Transcribe only the lines in the data below falling between the line with "LOUISE NEVELSON" and the line with "Printed by Styria Studio Inc., New", including those two lines, and leave out any picture.

• **INPUT RECORDS**:

****************************************

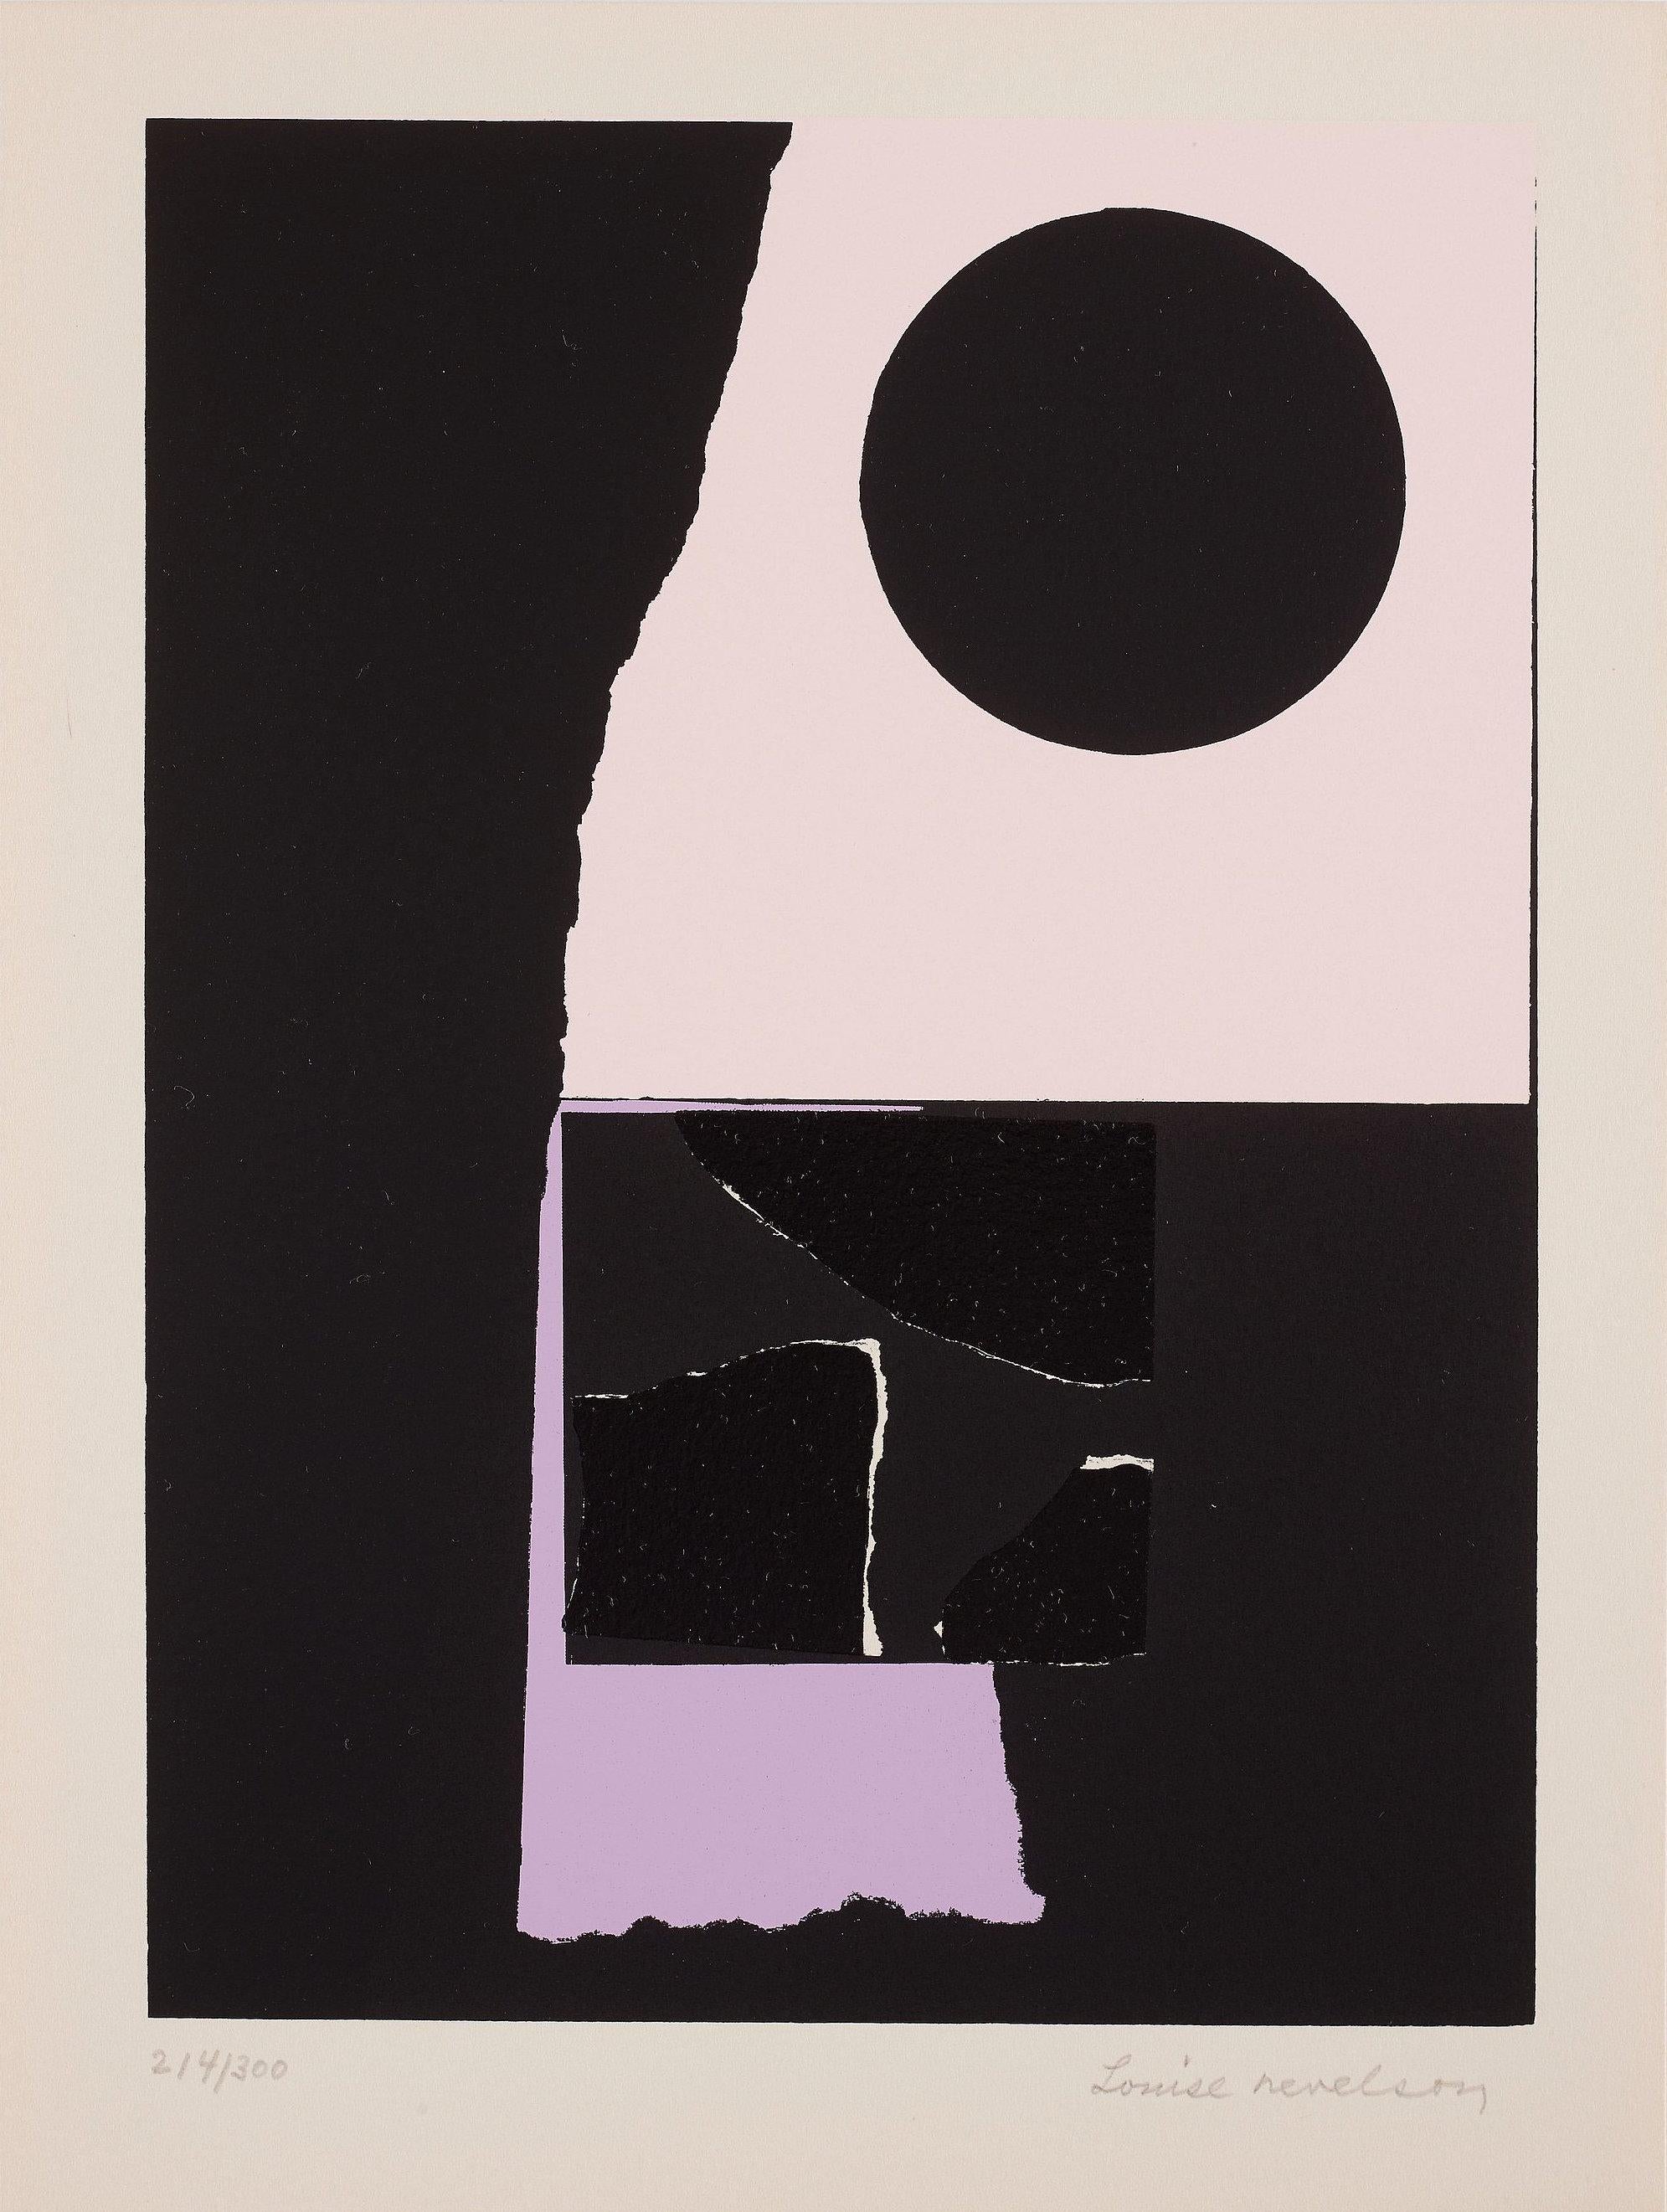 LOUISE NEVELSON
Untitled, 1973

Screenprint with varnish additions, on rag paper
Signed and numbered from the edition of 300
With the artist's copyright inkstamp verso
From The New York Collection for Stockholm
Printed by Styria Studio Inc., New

****************************************

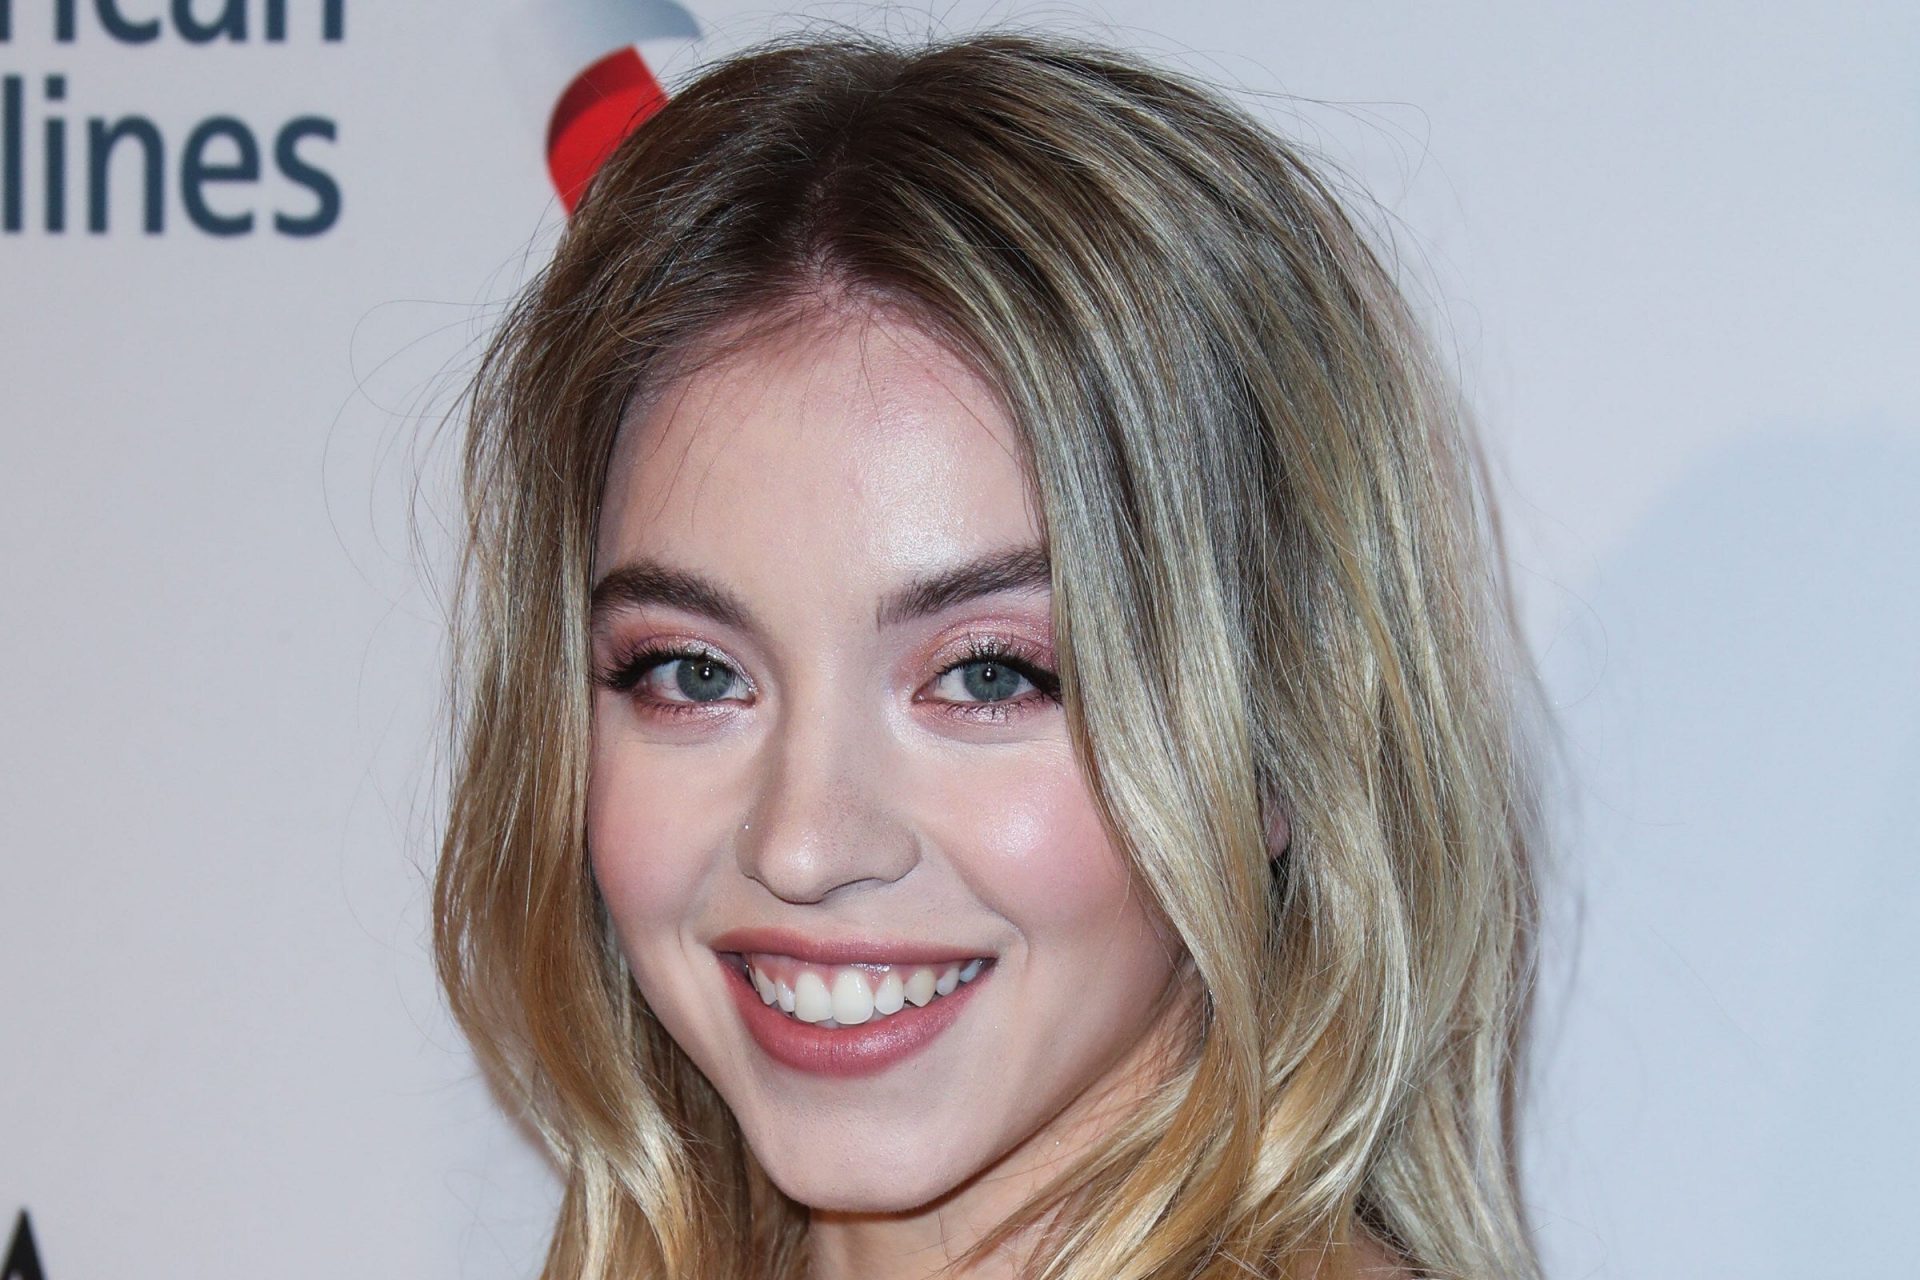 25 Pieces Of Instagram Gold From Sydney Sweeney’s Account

****************************************

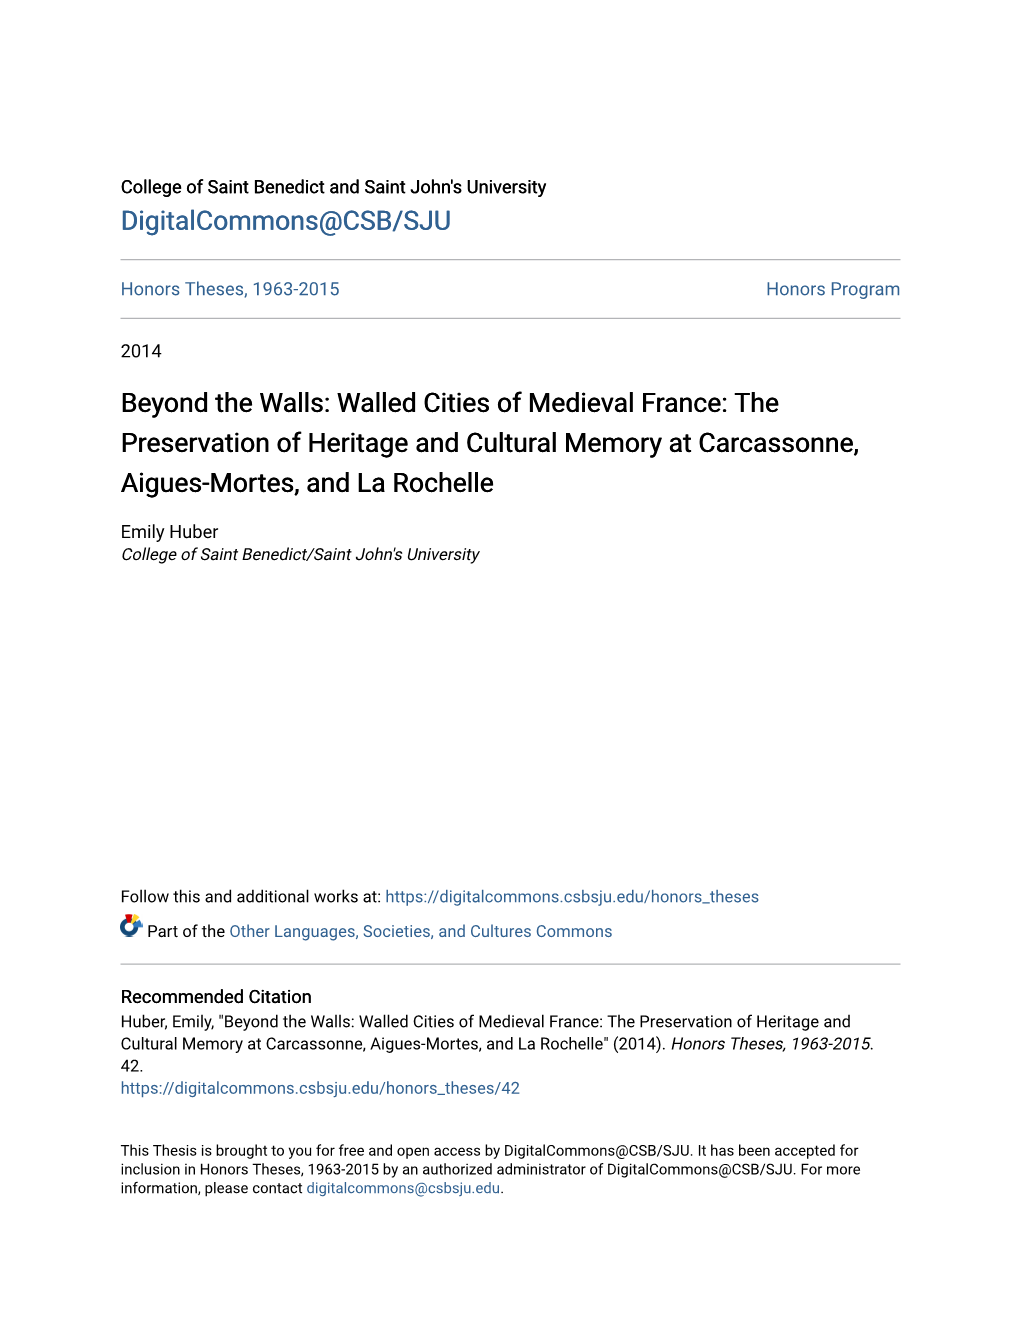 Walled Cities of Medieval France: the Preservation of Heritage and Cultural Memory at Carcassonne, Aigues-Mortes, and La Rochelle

****************************************

• **ANSWER TO THE EXERCISE**:
 LOUISE NEVELSON
Untitled, 1973

Screenprint with varnish additions, on rag paper
Signed and numbered from the edition of 300
With the artist's copyright inkstamp verso
From The New York Collection for Stockholm
Printed by Styria Studio Inc., New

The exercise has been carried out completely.